LeMond is a longtime vocal opponent of performance-enhancing drug use. He first spoke on-record against doping in cycling after winning the 1989 Tour de France. LeMond has consistently questioned the relationship between riders and unethical sports doctors and has pointed out that doping products ultimately victimize the professional cyclists who make use of them. LeMond stated, "When I speak out about doping people could translate it and think it was about the riders. Actually I feel like I am an advocate for the riders. I look at them as being treated like lab rats that are test vehicles for the doctors. The doctors, the management, the officials, they're the ones that have corrupted riders. The riders are the only ones that pay the price."

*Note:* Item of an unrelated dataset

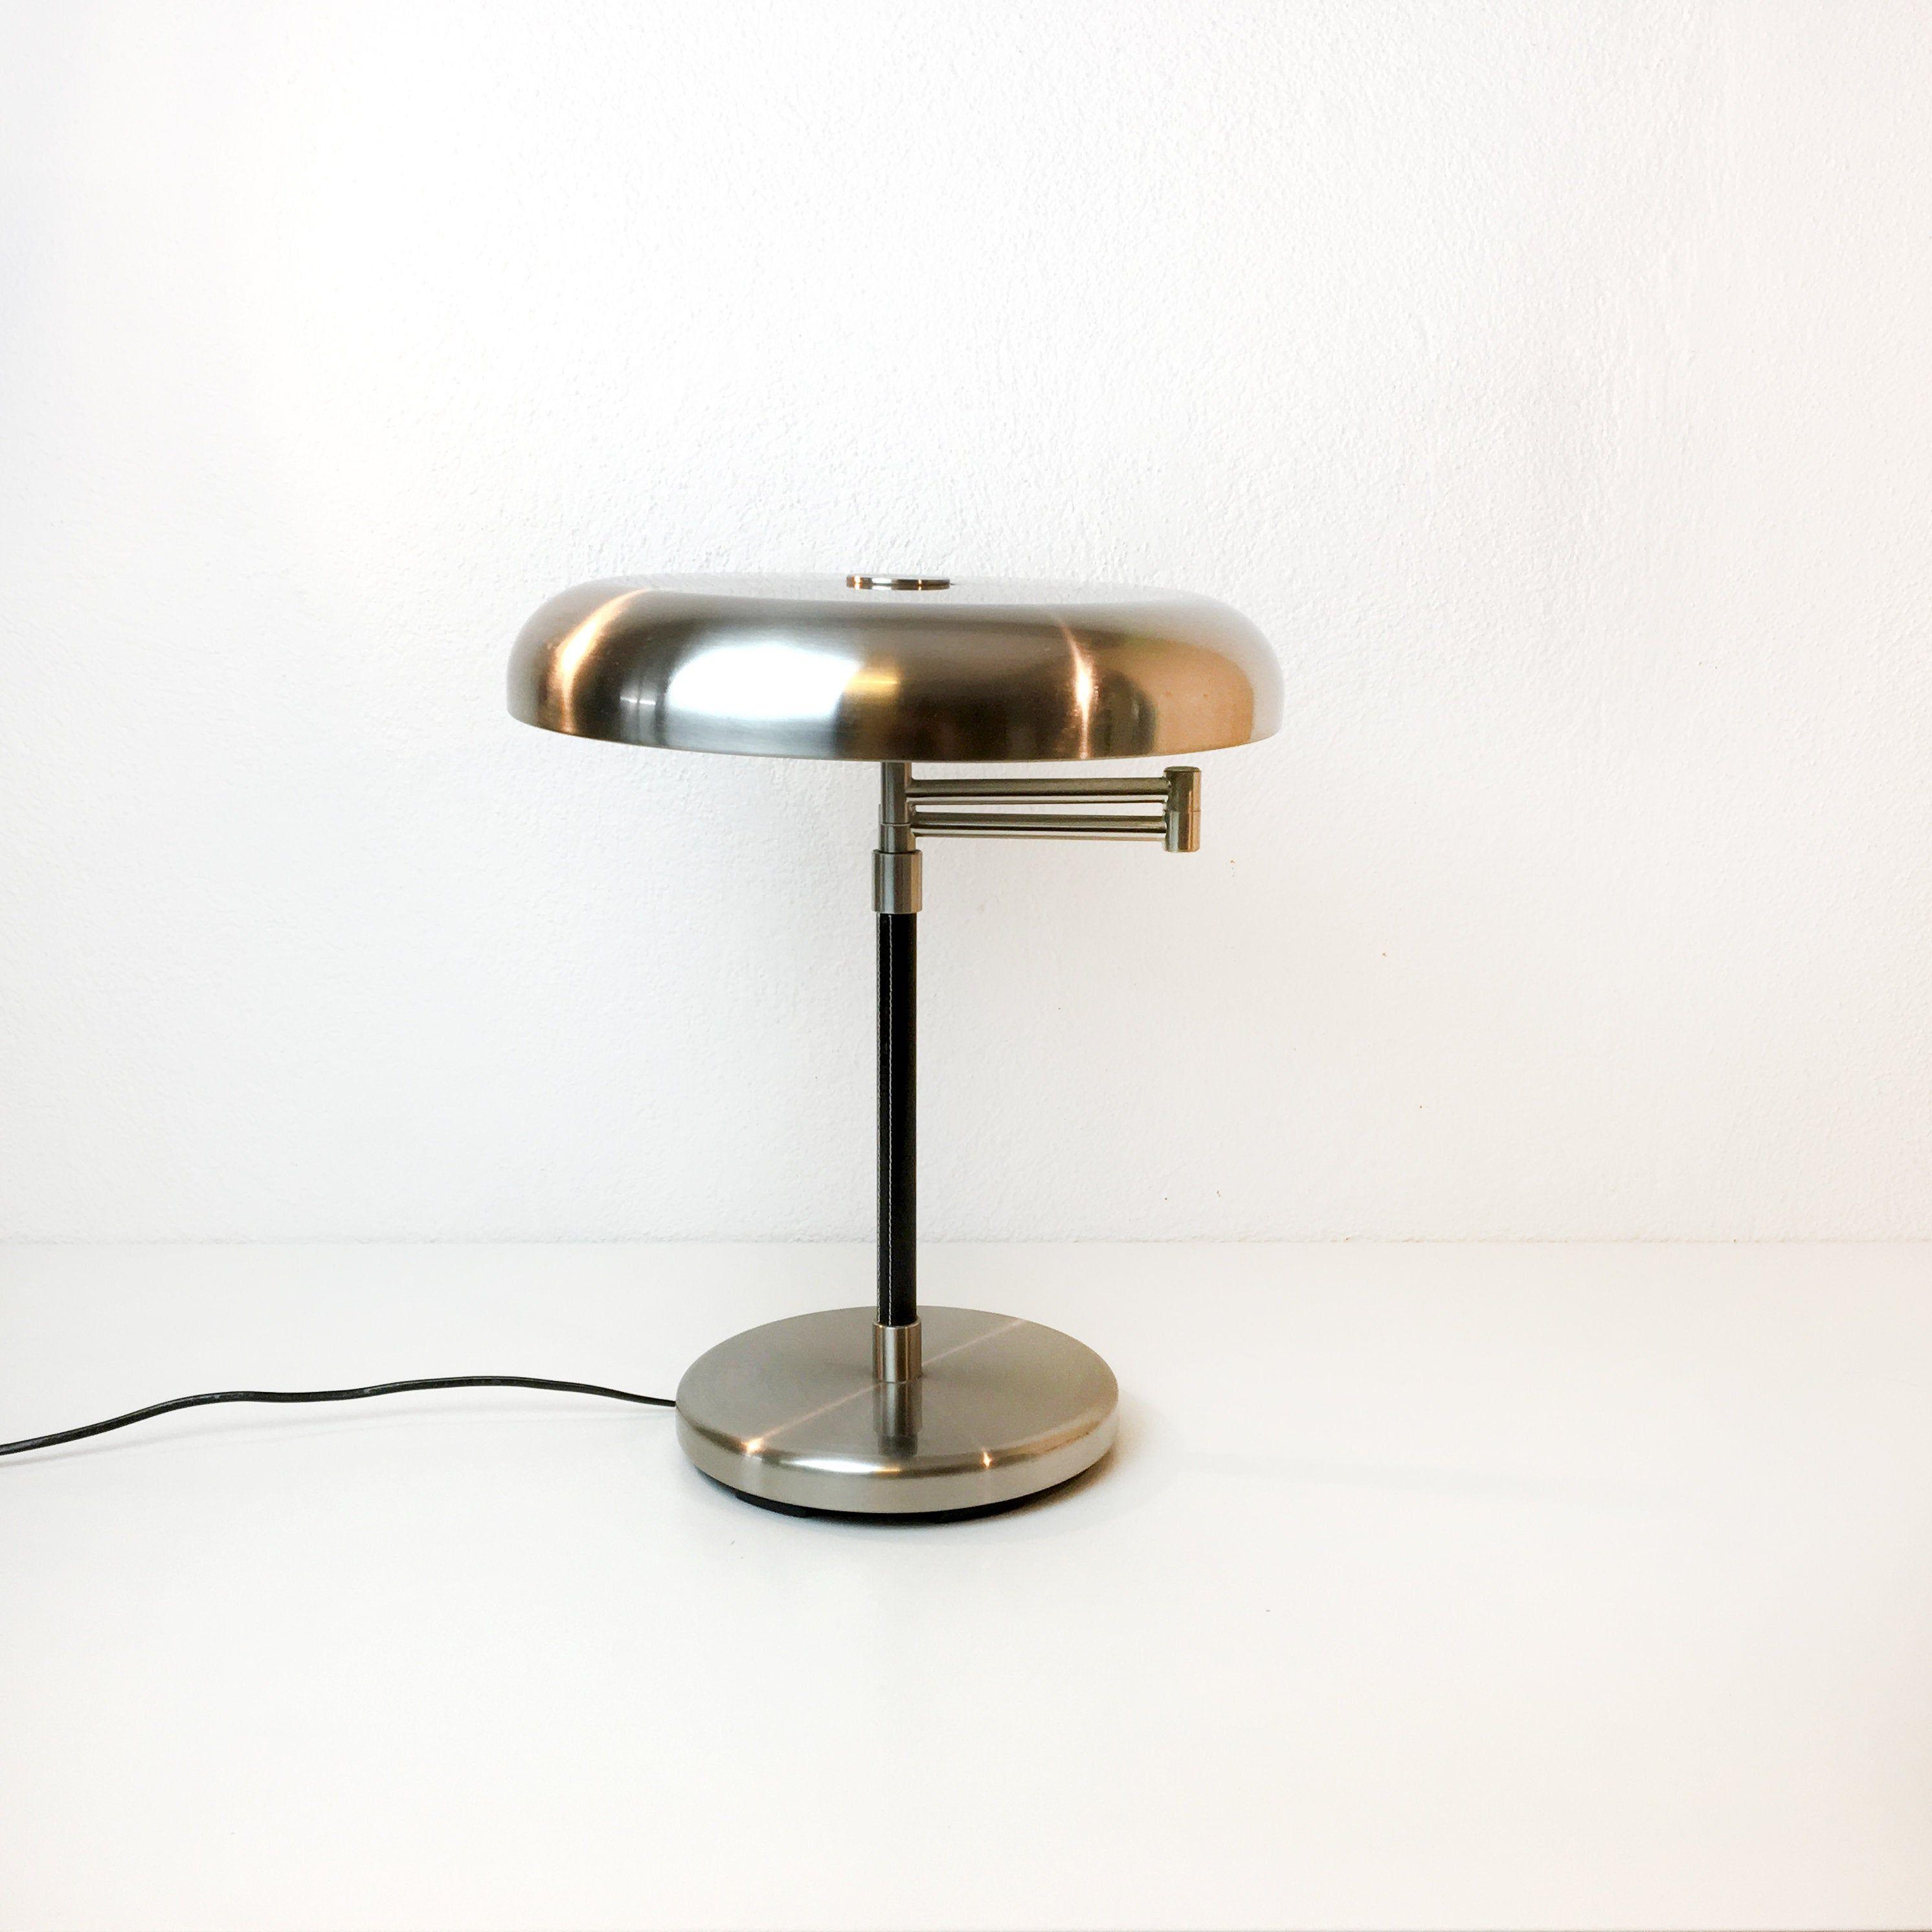 Vintage Ikea Tischlampe Schreibtischlampe Chrom Art Deco Etsy Desk Lamp Lamp Table Lamp

In 2001, LeMond received intense criticism when he publicly criticized Lance Armstrong's relationship with Dr. Michele Ferrari. Ferrari is an Italian physician and sports trainer who admitted to practicing blood doping and advocated the controlled use of the banned substance erythropoietin by athletes. Upon learning of Armstrong's association with Ferrari, LeMond stated:

"When Lance won the prologue to the 1999 Tour I was close to tears, but when I heard he was working with Michele Ferrari I was devastated. In the light of Lance's relationship with Ferrari, I just don't want to comment on this year's Tour. This is not sour grapes. I'm disappointed in Lance, that's all it is."

LeMond's comments placed him in the center of an anti-doping controversy. About a month later, following pressure from both Armstrong and Trek, LeMond issued an apology for his comment; he called Armstrong "a great champion", and added, "I do not believe, in any way, that he has ever used any performance-enhancing substances. I believe his performances are the result of the same hard work, dedication and focus that were mine 10 years ago."

In 2004, LeMond spoke out again. On the heels of successive Tour de France wins by Armstrong, LeMond said, "If Armstrong's clean, it's the greatest comeback. And if he's not, then it's the greatest fraud." LeMond went public with the fallout of his 2001 statement, alleging that Armstrong had threatened to defame him and threatened his business interests as well:
"[Armstrong] basically said 'I could find 10 people that will say you took EPO' ... The week after, I got multiple people that were on Lance ... Lance's camp, basically saying 'You better be quiet,' and I was quiet for three years. I have a business ... I have bikes that are sold ... and I was told that my sales might not be doing too well if ... just the publicity, the negative publicity." The same month, LeMond told French newspaper Le Monde that Armstrong was "ready to do anything to keep his secret. I don't know how he can continue to convince everybody of his innocence." At a press conference Armstrong gave in September 2008 to announce his return to cycling, LeMond publicly challenged him with questions about doping. Armstrong appeared angry and interrupted LeMond, telling him it was time to move on. In August 2012, the USADA announced that Armstrong had been issued a lifetime ban from cycling competition due to his involvement in a massive doping scheme. In addition, the USADA stripped Armstrong of his seven Tour de France titles.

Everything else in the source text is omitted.